In SPRINT MIND, the researchers found a statistically significant 19% lower rate of new cases of MCI in the intensive blood pressure treatment group.

The combined outcome of MCI plus probable all-cause dementia was 15% lower in the intensive versus standard treatment group.

Serious adverse events of hypotension, syncope, electrolyte abnormalities, and acute kidney injury or acute renal failure, but not injurious falls or bradycardia, occurred more frequently in the intensive-treatment group than in the standard-treatment group.

A total of 220 participants in the intensive-treatment group (4.7%) and 118 participants in the standard-treatment group (2.5%) had serious adverse events that were classified as possibly or definitely related to the intervention.

The magnitude and pattern of differences in adverse events according to treatment assignment among participants 75 years of age or older were similar to those in the overall cohort.


In a related abstract reported at AAIC 2018, researchers reported preliminary results from 673 participants in SPRINT MIND who were recruited for brain magnetic resonance imaging (MRI).

Primary outcomes included change in total white matter lesion (WML) volume and total brain volume (TBV).

Follow-up MRIs were obtained for 454 (67.4%) participants at a median of 3.98 years post-randomization.

In this sub-study, WML volume increased in both treatment groups, however the increase was significantly less in the intensive treatment group. There was no significant difference in total brain volume change.

In the intensive treatment group, WML volume increased by 0.28 cm3 compared to 0.92 cm3 in the standard treatment group.
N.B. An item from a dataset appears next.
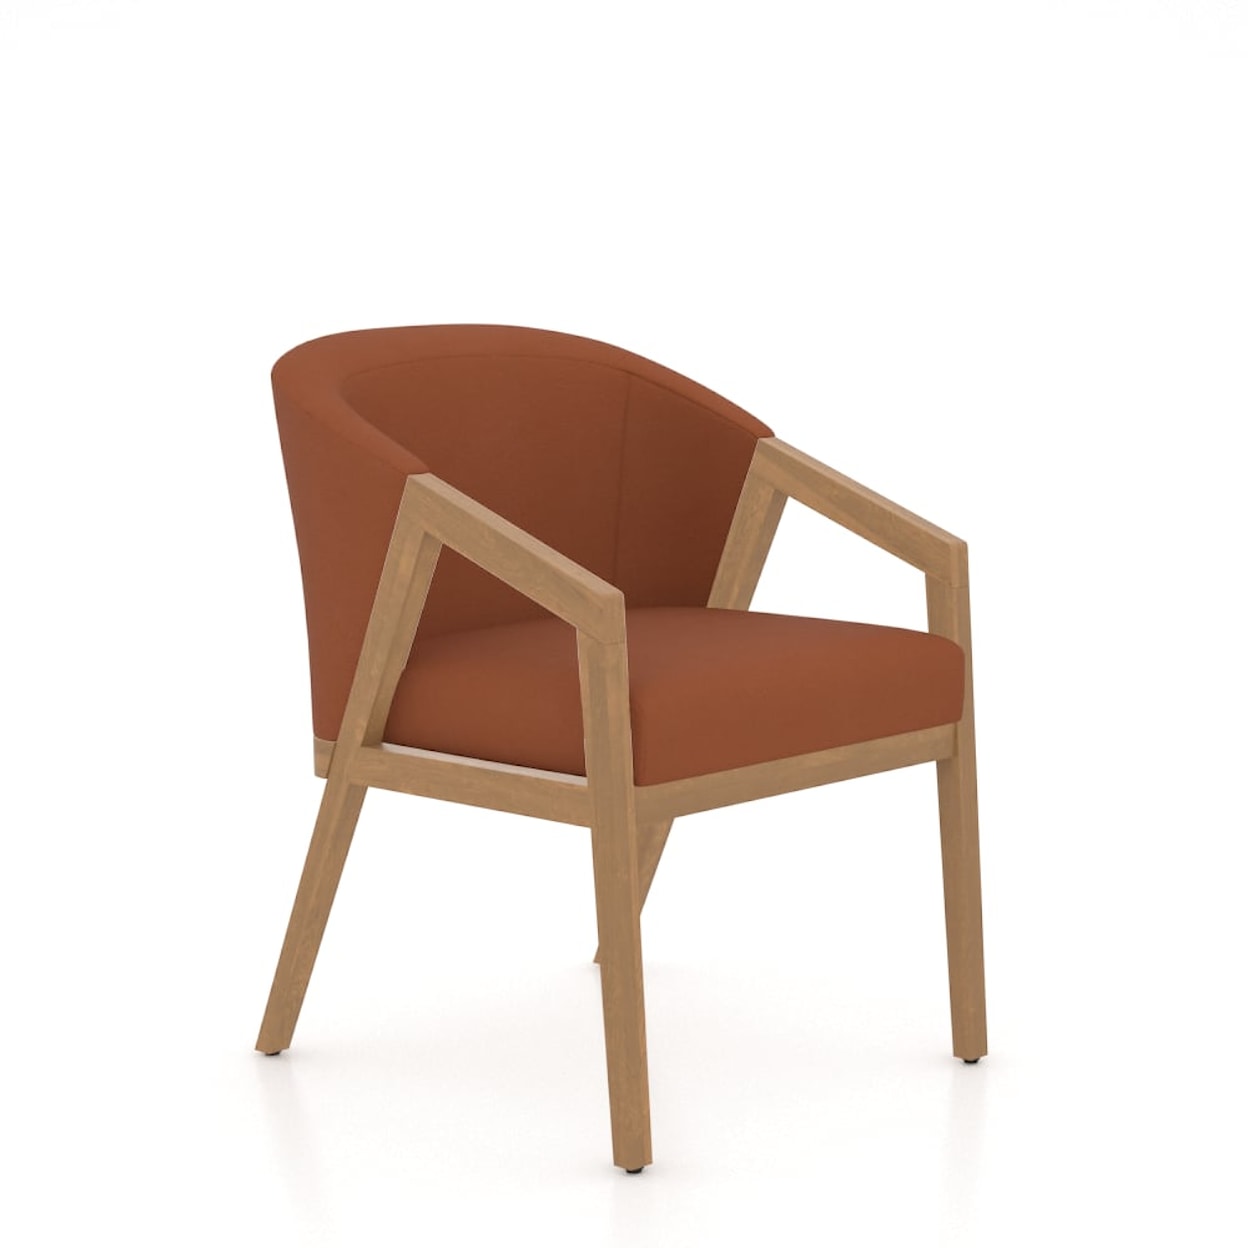 Canadel Modern Upholstered Chair
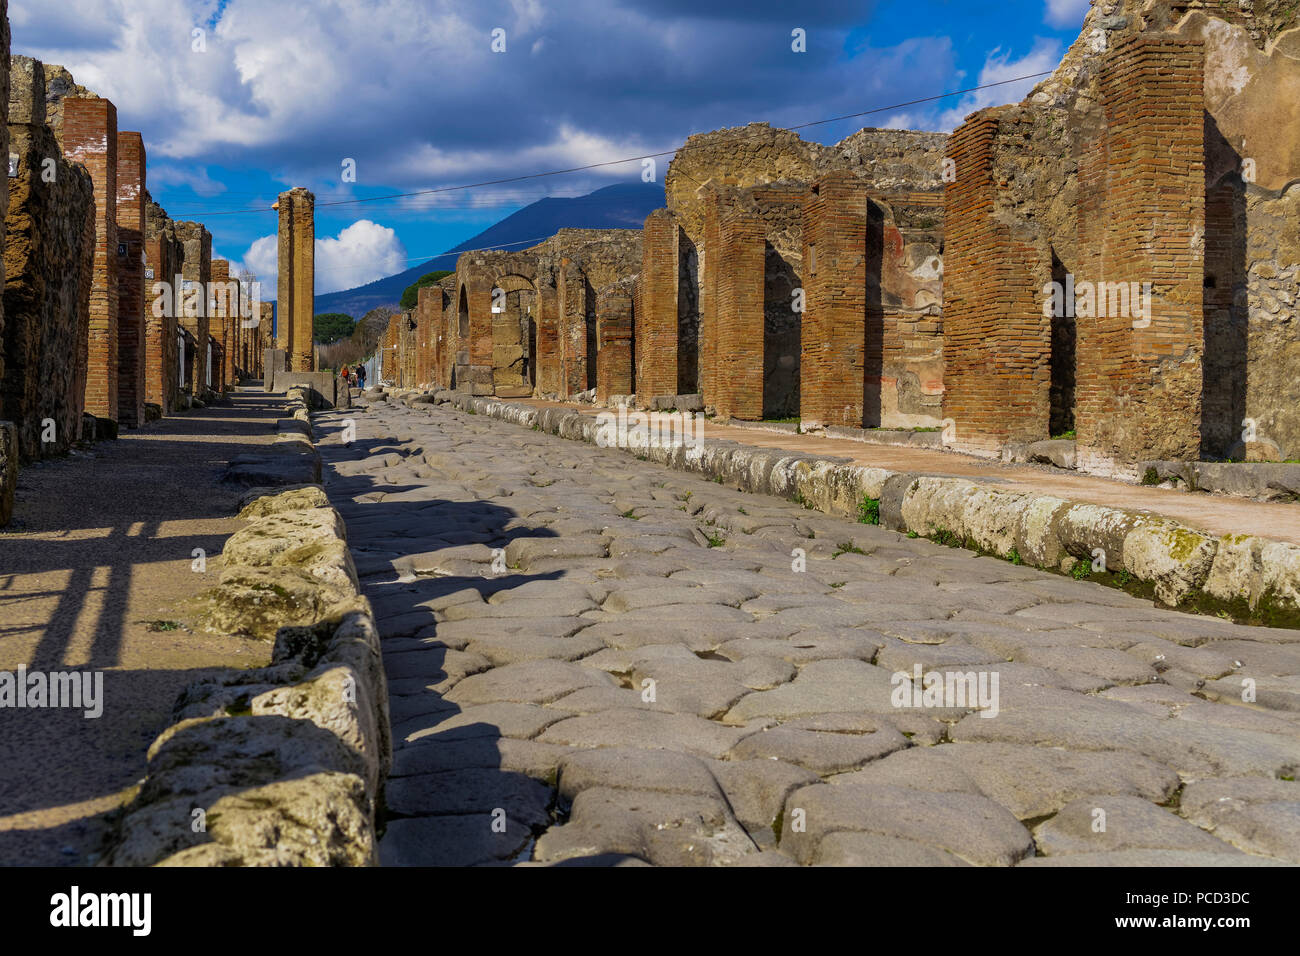 Wide street lined with plebeians houses and structured formation of cobblestoned path with higher kerbs to wash away debris, Pompeii, UNESCO, Italy Stock Photo

TBV decreased by 27.3 cm3 in the intensive treatment group versus 24.8 cm3 in the standard treatment group.

White matter lesions are frequently indicative of small vessel disease and linked to higher risk of stroke, dementia and higher mortality.

While white matter lesions are thought to increase the risk of vascular dementia, they also may be a risk factor for Alzheimer’s disease.

People living with dementia may have Alzheimer’s disease and white matter lesions at the same time.

Research has demonstrated that when people have more than one type of disease-related brain changes, the cognitive consequences are greater.

Precision medicine emphasizes the customization and individualization of healthcare, with treatments and practices tailored to the specific patient’s situation and needs, often taking into account genes, environment, and lifestyle.

Sometimes called personalized medicine, it is a common approach in cancer and respiratory diseases.